The currency of Africa’s biggest oil producer rose as much as 0.9 per cent and traded 0.6 per cent stronger at 158.65 per dollar, its biggest gain on a closing basis since October 4. The naira has dropped 1.5 per cent this year, according to data compiled by Bloomberg.

“There was intervention from the central bank,” Tega Adeda, a foreign-exchange trader at Stanbic IBTC Holding Co. (STANBIC), told Bloomberg by phone from Lagos, without specifying the amount sold. “There was a lot of corporate demand” and the regulator is trying to stabilise the market, he said. Ugochukwu Okoroafor, a spokesman for the CBN, didn’t answer four calls made to his mobile phones seeking comment.
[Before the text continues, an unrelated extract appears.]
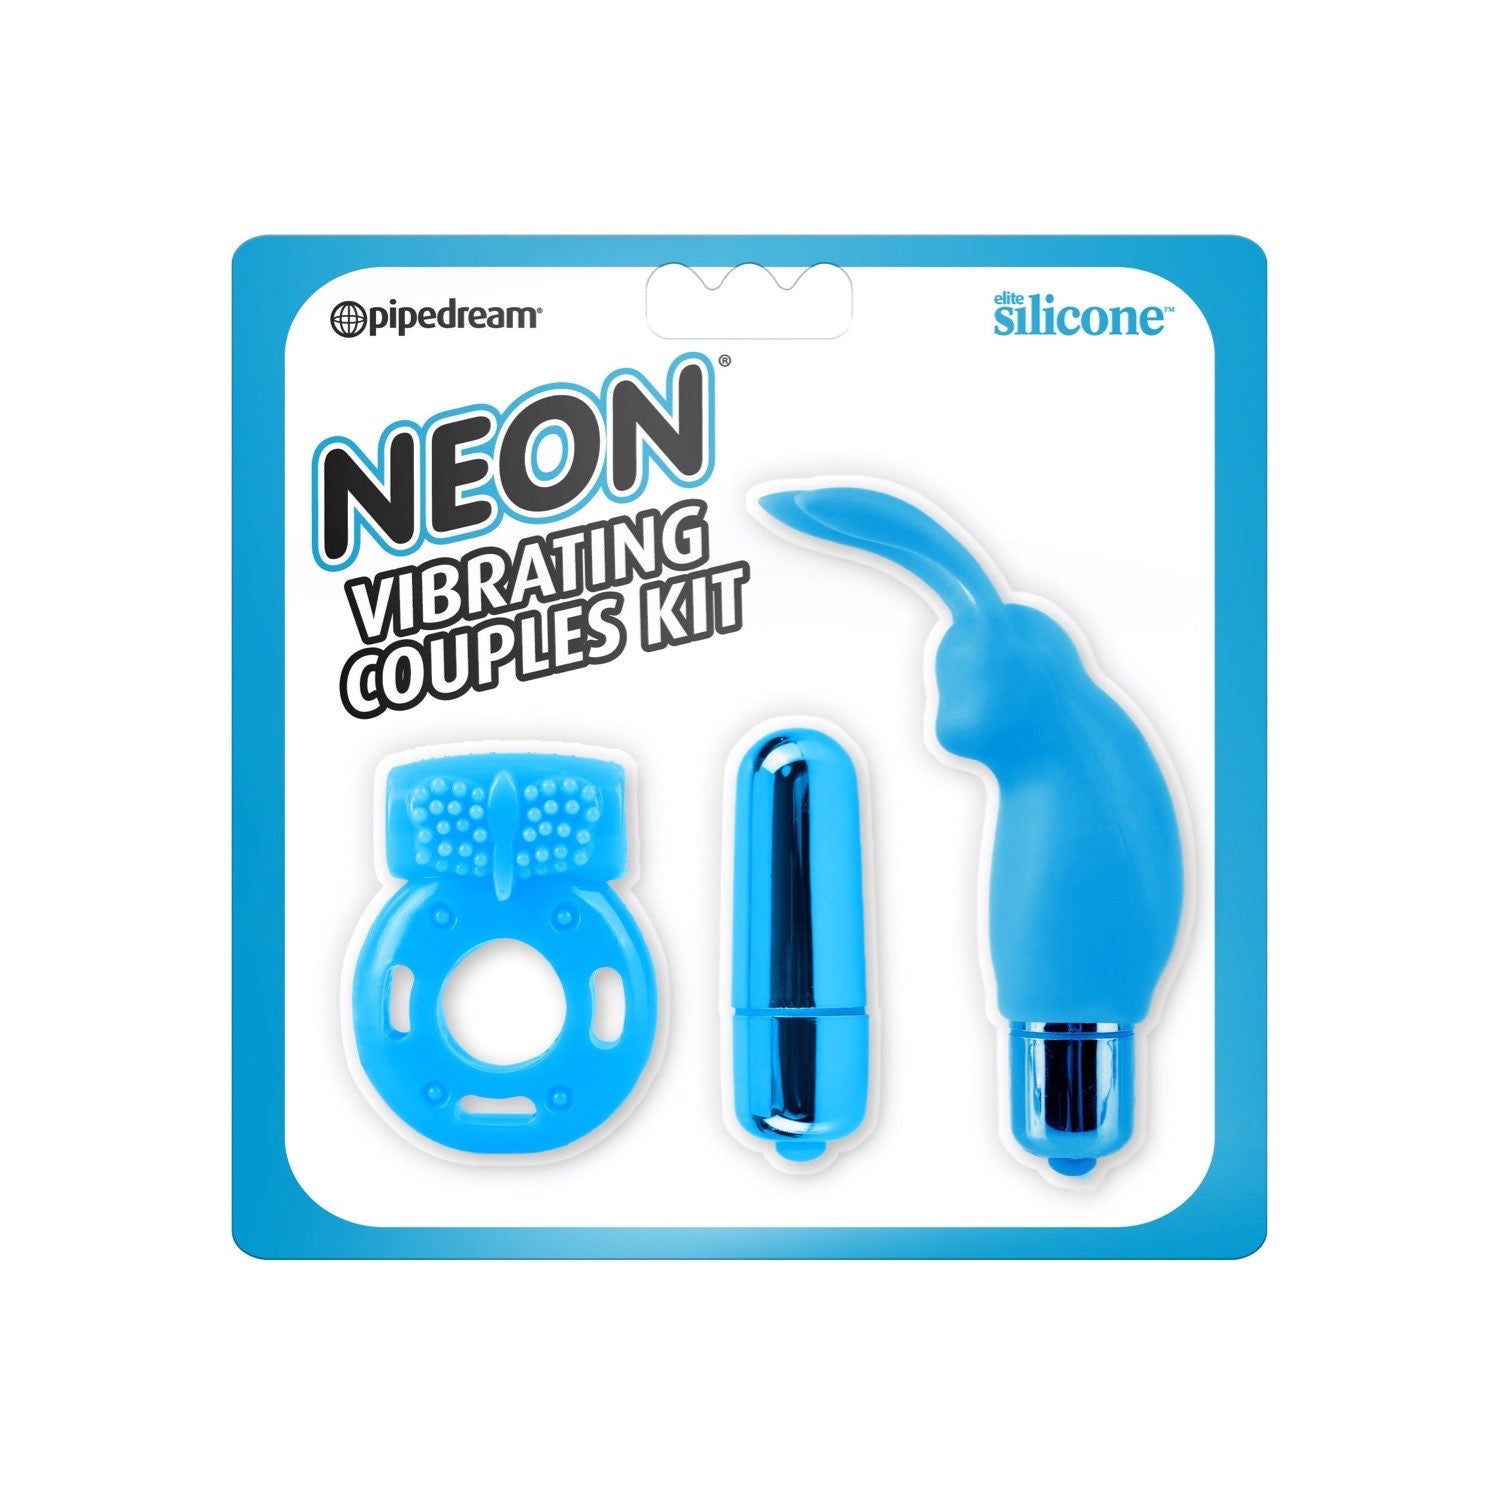  Neon Vibrating Couples Kit - Blue - 3 Piece Set by Pipedream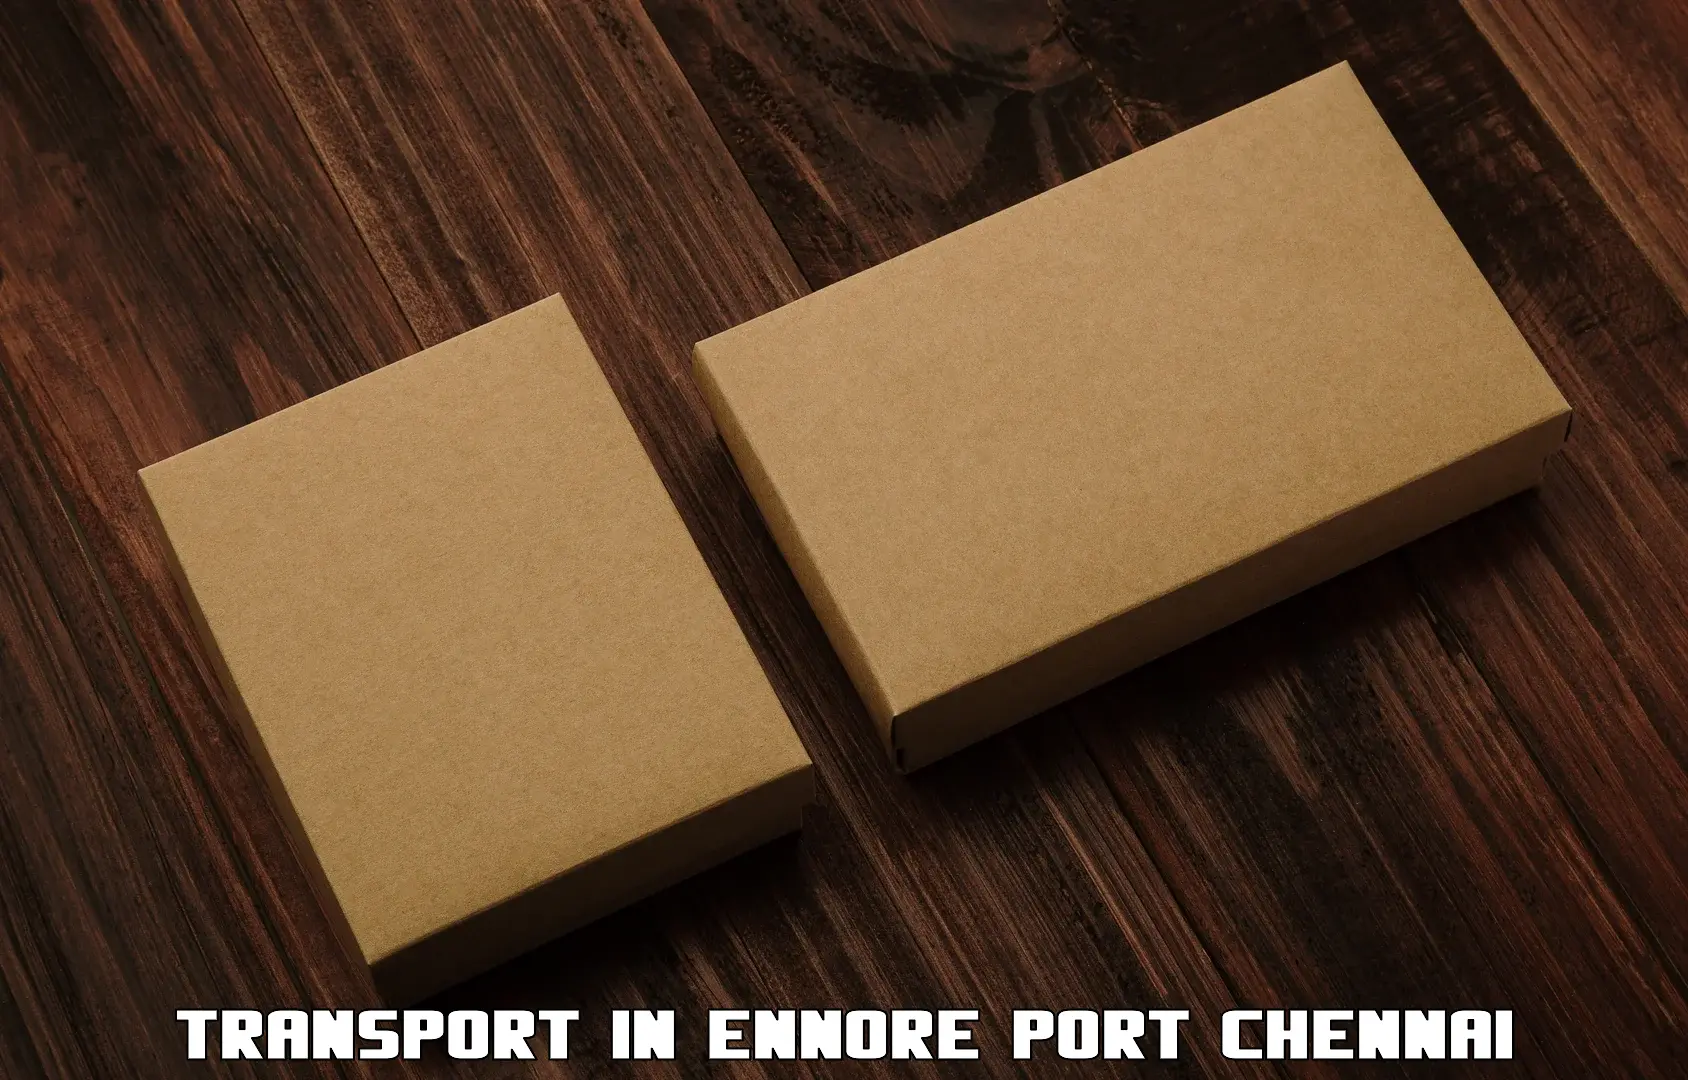 Cargo transport services in Ennore Port Chennai

The bank reduced dollar sales to lenders by six per cent this week to $360 million. The regulator uses the twice-a-week auctions to stabilise the naira as costs of importing refined fuel, which accounts for 70 per cent of the local gasoline market, boosts dollar demand and puts pressure on the currency, according to the central bank.

At the auctions, “demand appeared to have been higher,” Ridle Markus and Dumisani Ngwenya, African strategists at Barclays Plc’s Absa Capital, Johannesburg, wrote in a note to clients. “Yet, with significantly improved external buffers, ongoing tight monetary policy and continued oil inflows amid relatively stable production and oil prices, we expect the naira to remain supported in the short term,” he explained.

The Monetary Policy Committee, led by Lamido Sanusi, will hold its policy rate at 12 per cent for a ninth consecutive meeting on March 18 and 19, according to eight economists surveyed by Bloomberg News.

The central bank held the rate at the record level on Jan. 21 to control consumer prices and maintain the naira’s level. Inflation eased to nine per cent in January from 12 per cent in December, the statistics bureau said last month.

Borrowing costs on the country’s 16.39 per cent domestic bonds due January 2022 rose nine basis points to 11.27 per cent, according to data compiled on the Financial Markets Dealers Association website.

Yields on the nation’s $500 million of Eurobonds due January 2021 fell two basis points to 4.204 per cent.